The Headmaster when Mr. Manning entered Shawnigan was Mr. Peter Kaye – namesake of Kaye’s House. It was a rule at the time that all boys had to wear a tie off campus. Once, Mr. Kaye was driving Mr. Manning and another student to the nearby train station, but Mr. Manning had misplaced his tie. They hurried to the Commissary – located then where the Brown Family Health Centre is now – and acquired a new tie. Unfortunately, Mr. Manning had never learned how to tie a tie; he had his tied once and kept it hanging in his closet, pre-tied for when he needed it. He found himself sitting in the back of the Headmaster’s car, embarrassed that he didn’t know what to do with his newly obtained garment, and Mr. Kaye was aghast.
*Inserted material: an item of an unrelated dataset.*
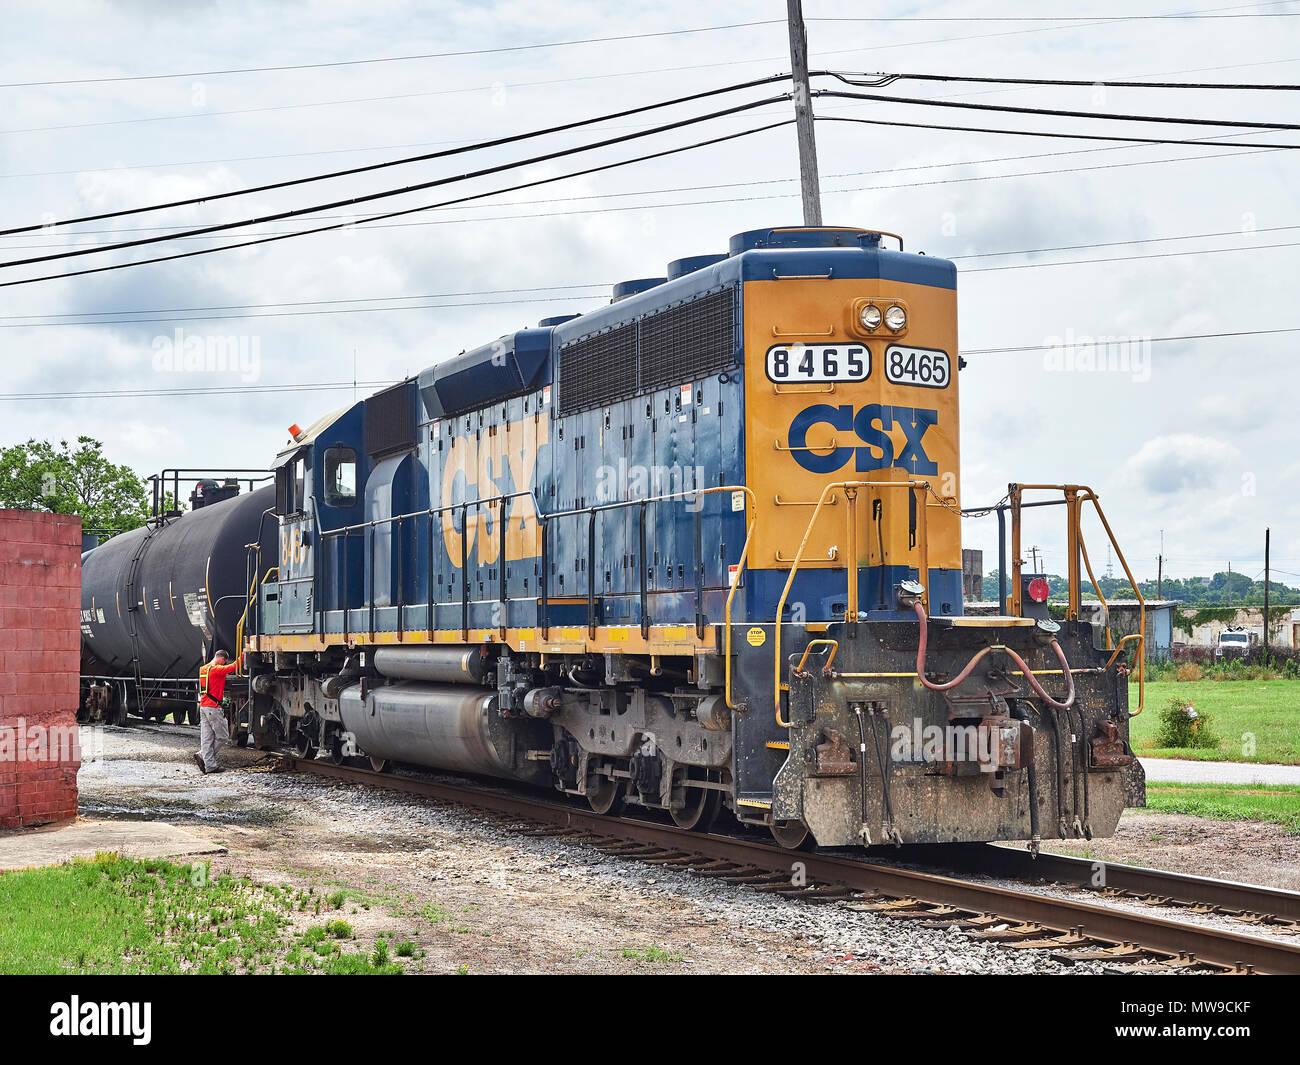 CSX Transportation locomotive, EMD SD40-2, #8465, in switching yard pushing freight cars, in Montgomery Alabama, USA. - Stock Image

There were, obviously, no cell phones at the time, and students didn’t have access to landlines either. Communication with their parents was almost exclusively through letters. Those sent home by Shawnigan students were perfunctory, but letters received at the School were cherished – and care parcels even more so. Students typically didn’t have any contact with their families other than mail for three and a half months at a time. When Mr. Manning asked current Grade 8s which of them speaks with their parents every day, well over half the students raised their hands.
 
Travel to and from the School was largely done by train – with a steamer trunk in tow. In Mr. Manning’s case, he caught a train from Edmonton to Vancouver, spent a day in Vancouver, then took a ferry to Nanaimo, where the school bus picked him up. Mr. Manning recalled one fellow student getting off the train in Jasper, Alberta and selling his ticket to Vancouver for pocket money, then hitchhiking to the ferry.
 
Sports at the time included rugby, basketball, cricket, and track and field against other schools and clubs, rowing, and inter-House swimming and boxing. Among Shawnigan’s opponents that Mr. Manning remembers were St. George’s School, University School (part of St. Michaels University School since 1971) and Brentwood College School.
 
As harsh and disciplined as the School was in those years, the students did get quite a bit of free rein during their time off. The Commissary was just for school supplies and some uniform pieces, so students had to walk to Mason’s Store for any snacks, which they could do between the end of classes and dinner time. They also had Sunday afternoons off, when they could ride their bikes – usually nearby or around Shawnigan Lake, although Mr. Manning mentioned once riding all the way to Duncan for a foot-long hot dog. The boys would also ride or walk the short distance to what was then Strathcona Lodge School to visit the girls.
 
Thanks again to Mr. Manning for returning to the School to share some memories with our current Grade 8s!